↓

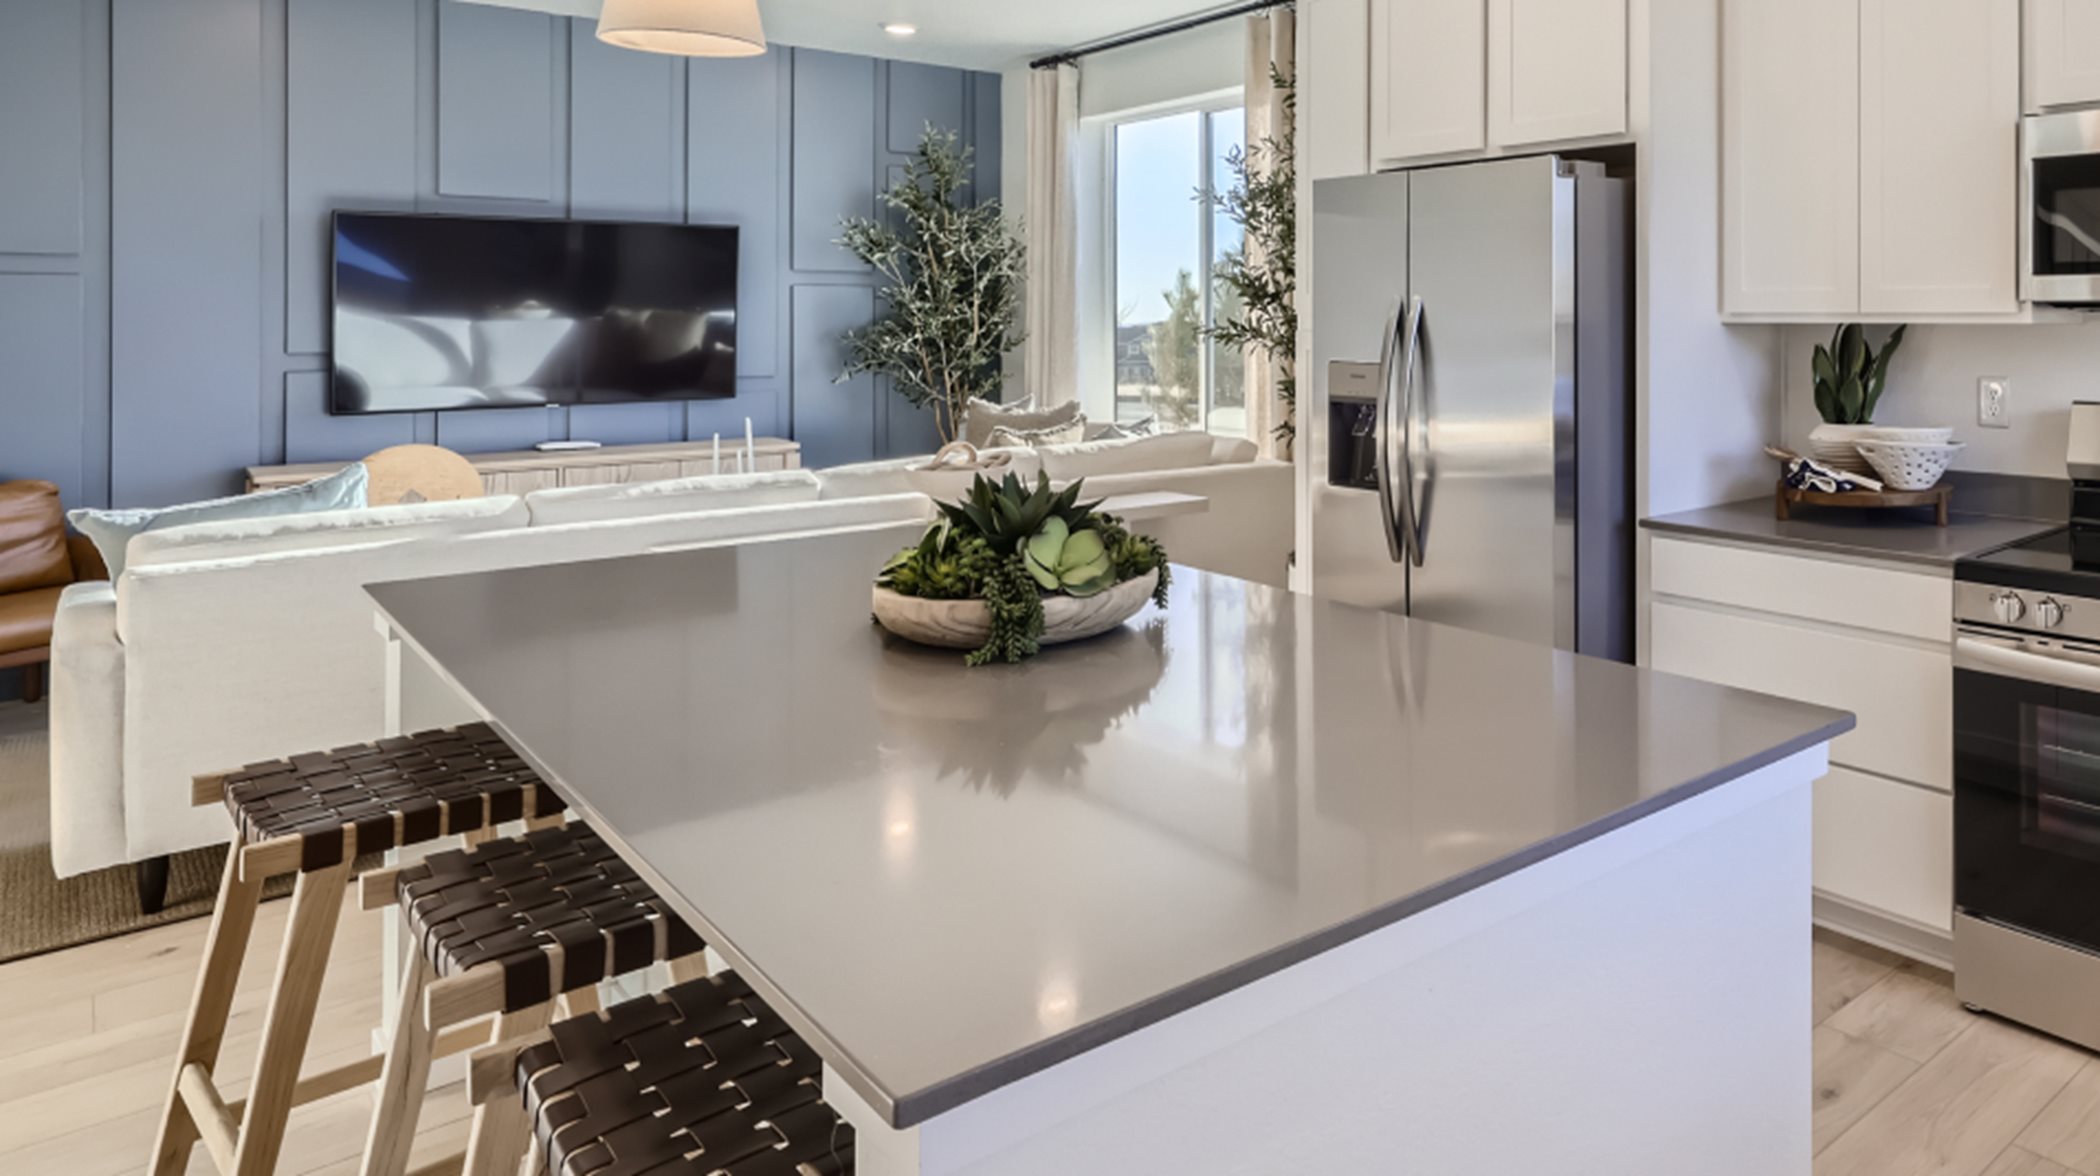 Sleek quartz countertops offer a heat and stain-resistant surface in kitchen
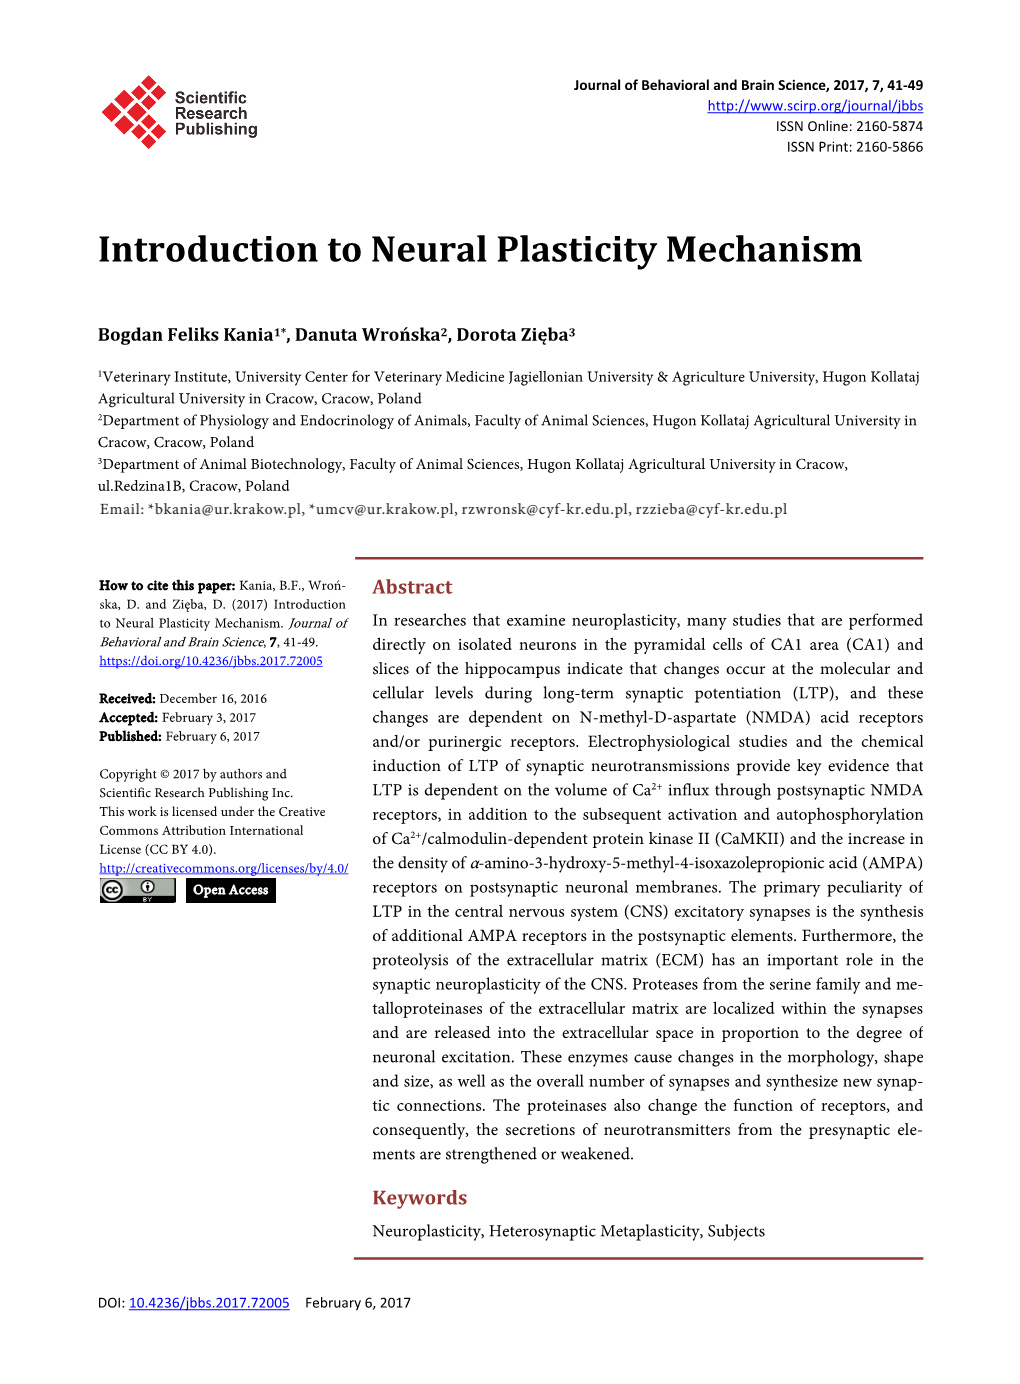 Introduction to Neural Plasticity Mechanism
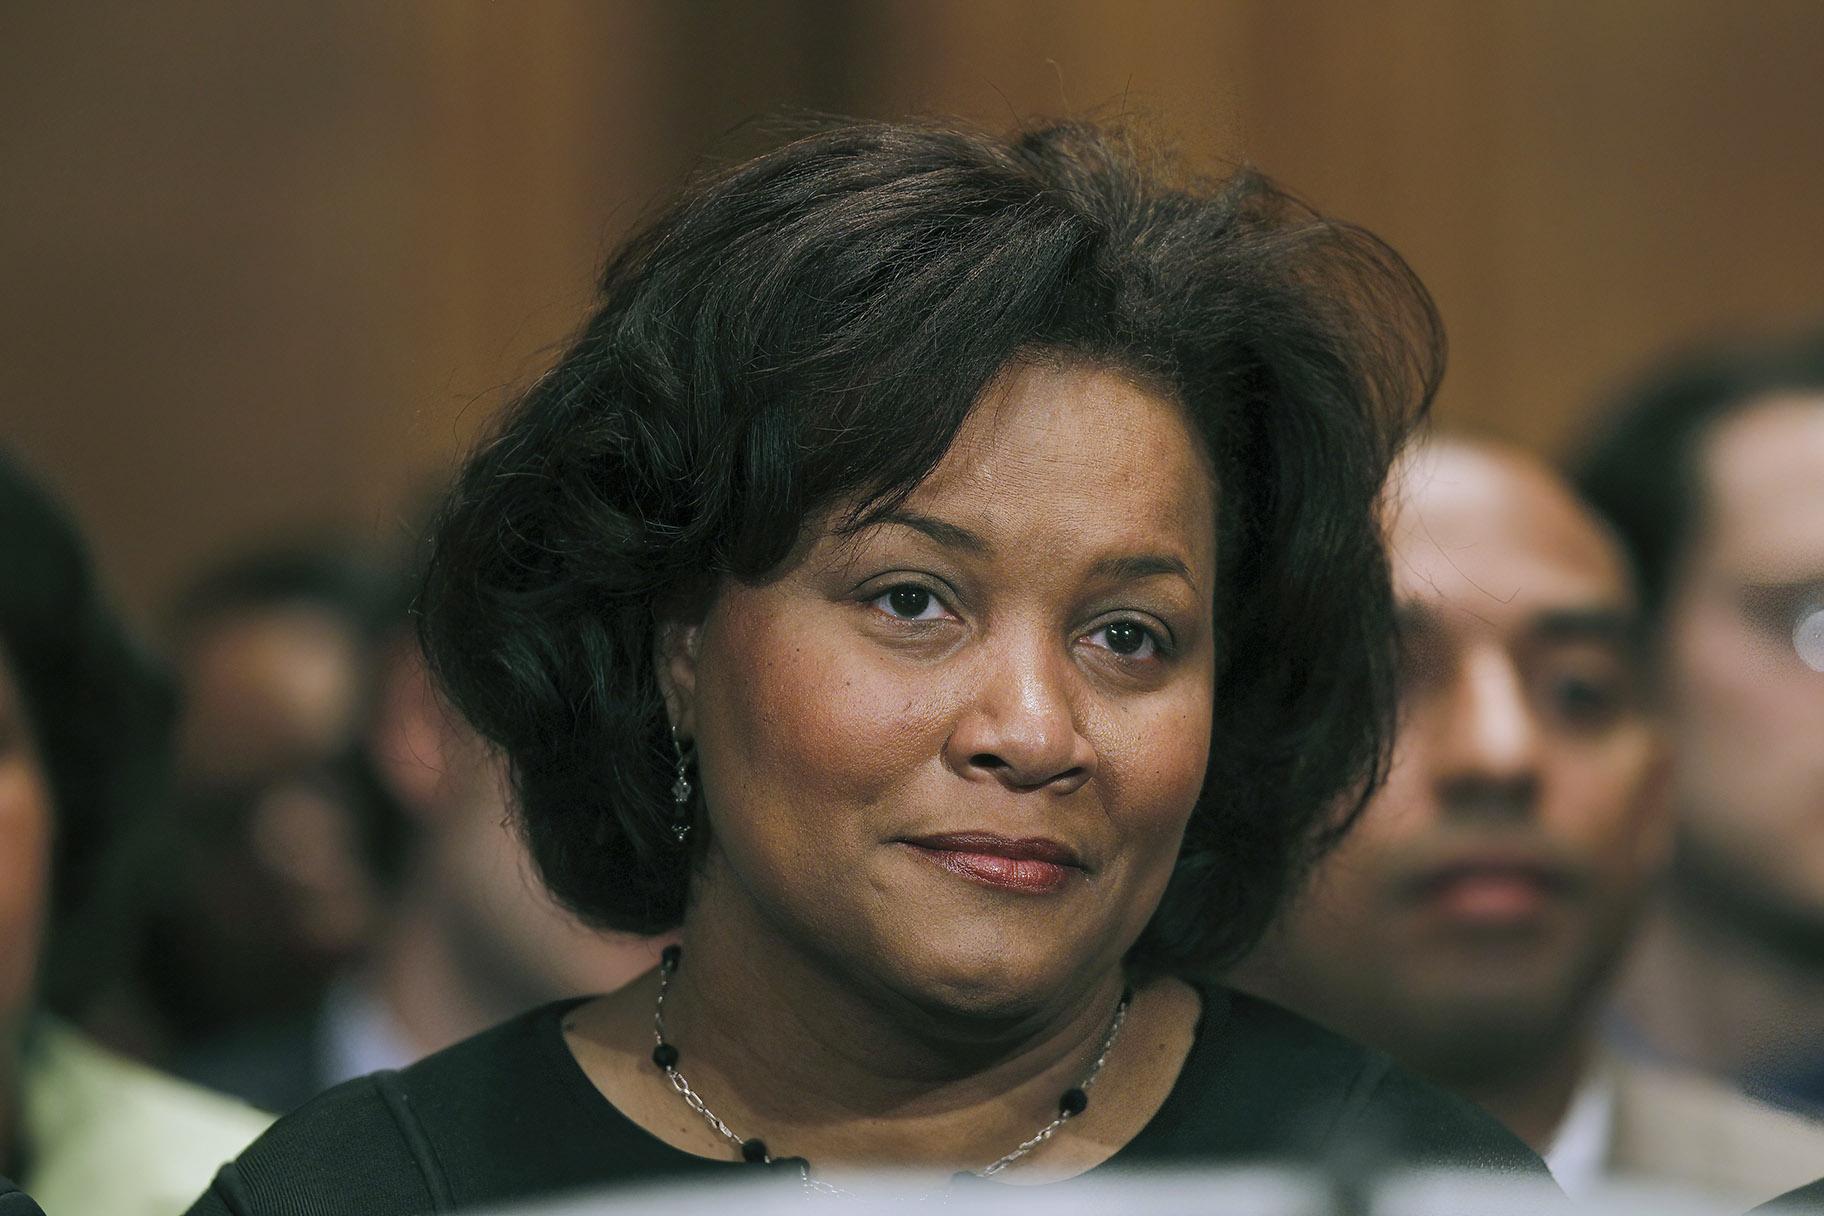  Judge J. Michelle Childs listens during her nomination hearing before the Senate Judiciary Committee on Capitol Hill in Washington, on April 16, 2010. (AP Photo / Charles Dharapak)
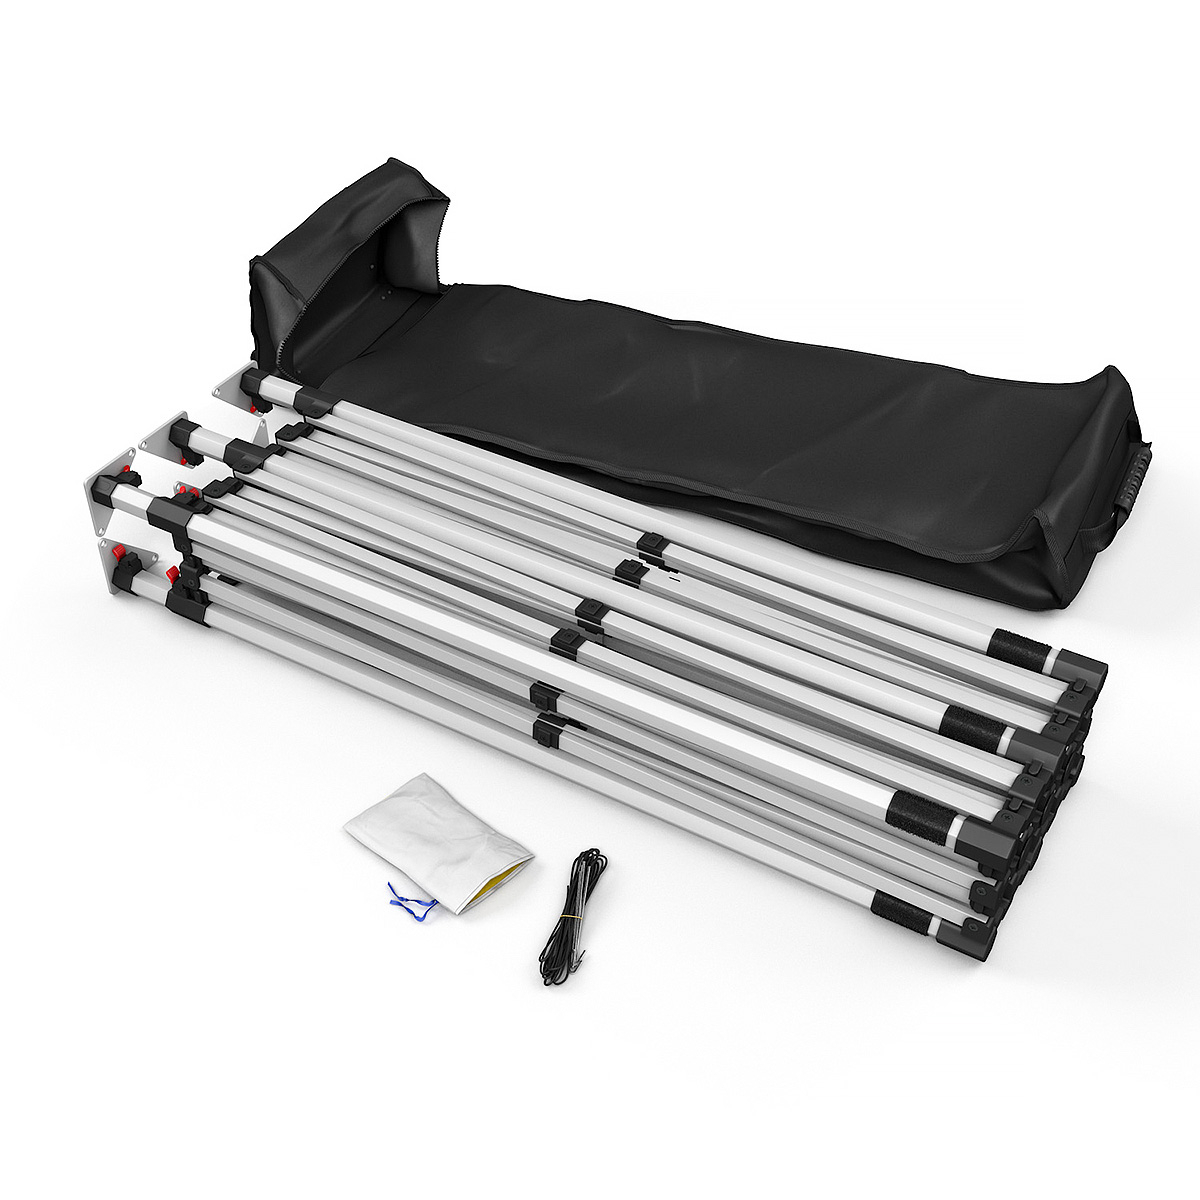 RHINO® 3m x 6m Aluminium Frame Is Complete With Anchoring Set And Wheeled Transport Bag
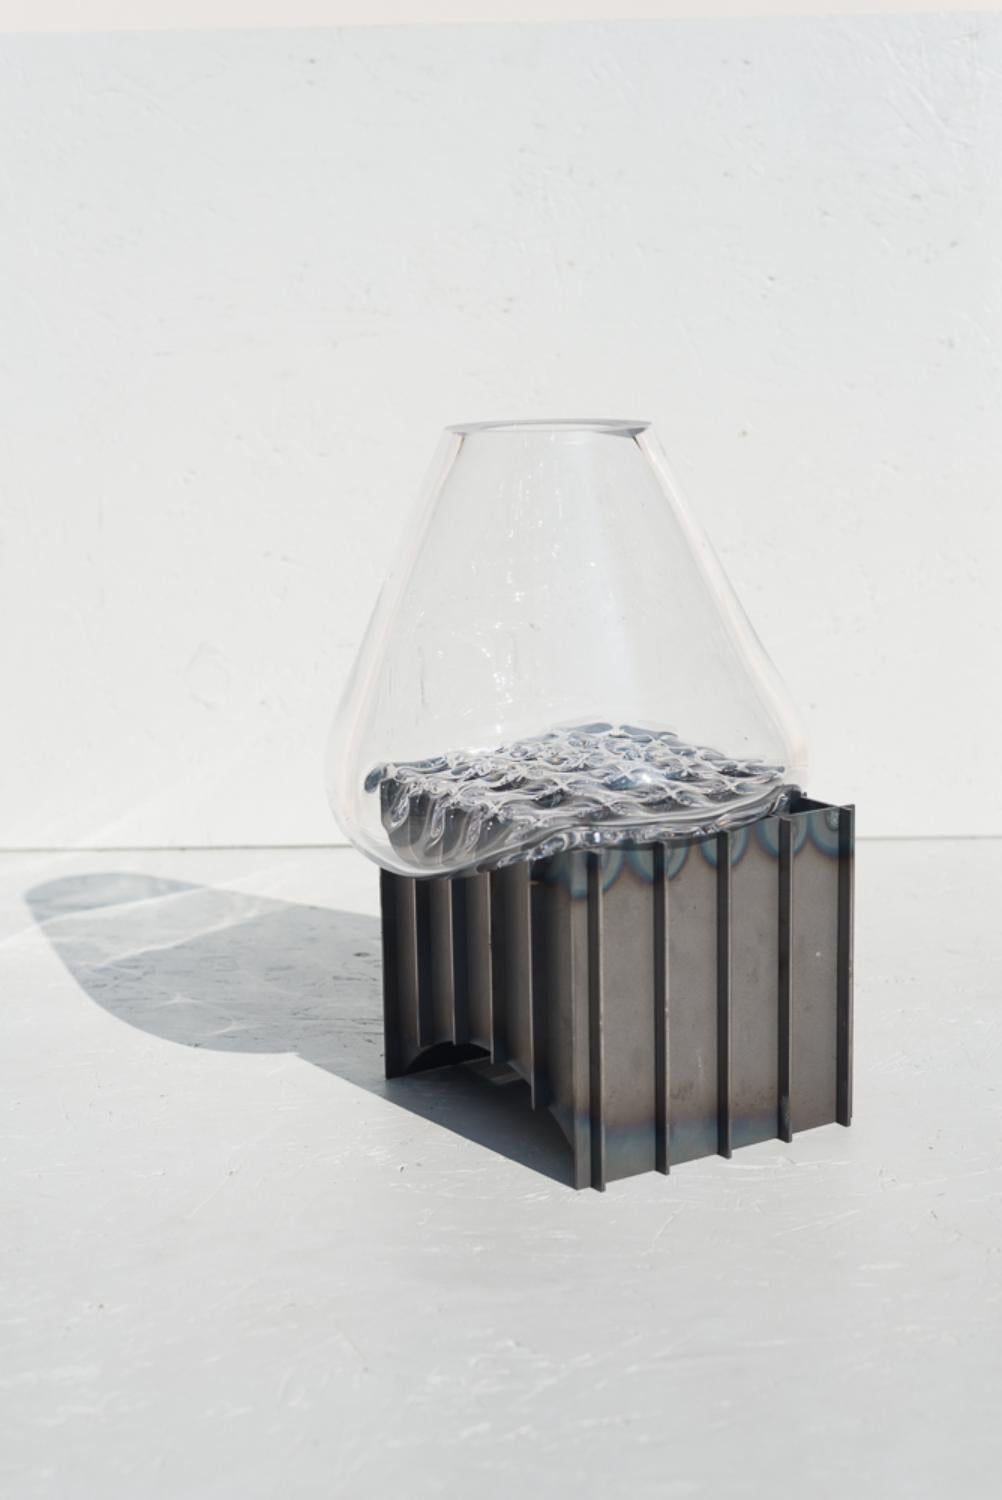 Set Of 2 Clear Grid Table Vase by Studio Thier & van Daalen
Dimensions: W 30 x D 30 x H 35cm
Materials: Steel, Glass

The studio was keen to find a way to display the fluidity of glass. Therefore they sought the contrast between the industrial

↑

Task objective: Produce an exact copy of each line from the one holding "Materials: Steel, Glass" through the last line of the records, both included, and nothing more.

Problem solution:
Materials: Steel, Glass

The studio was keen to find a way to display the fluidity of glass. Therefore they sought the contrast between the industrial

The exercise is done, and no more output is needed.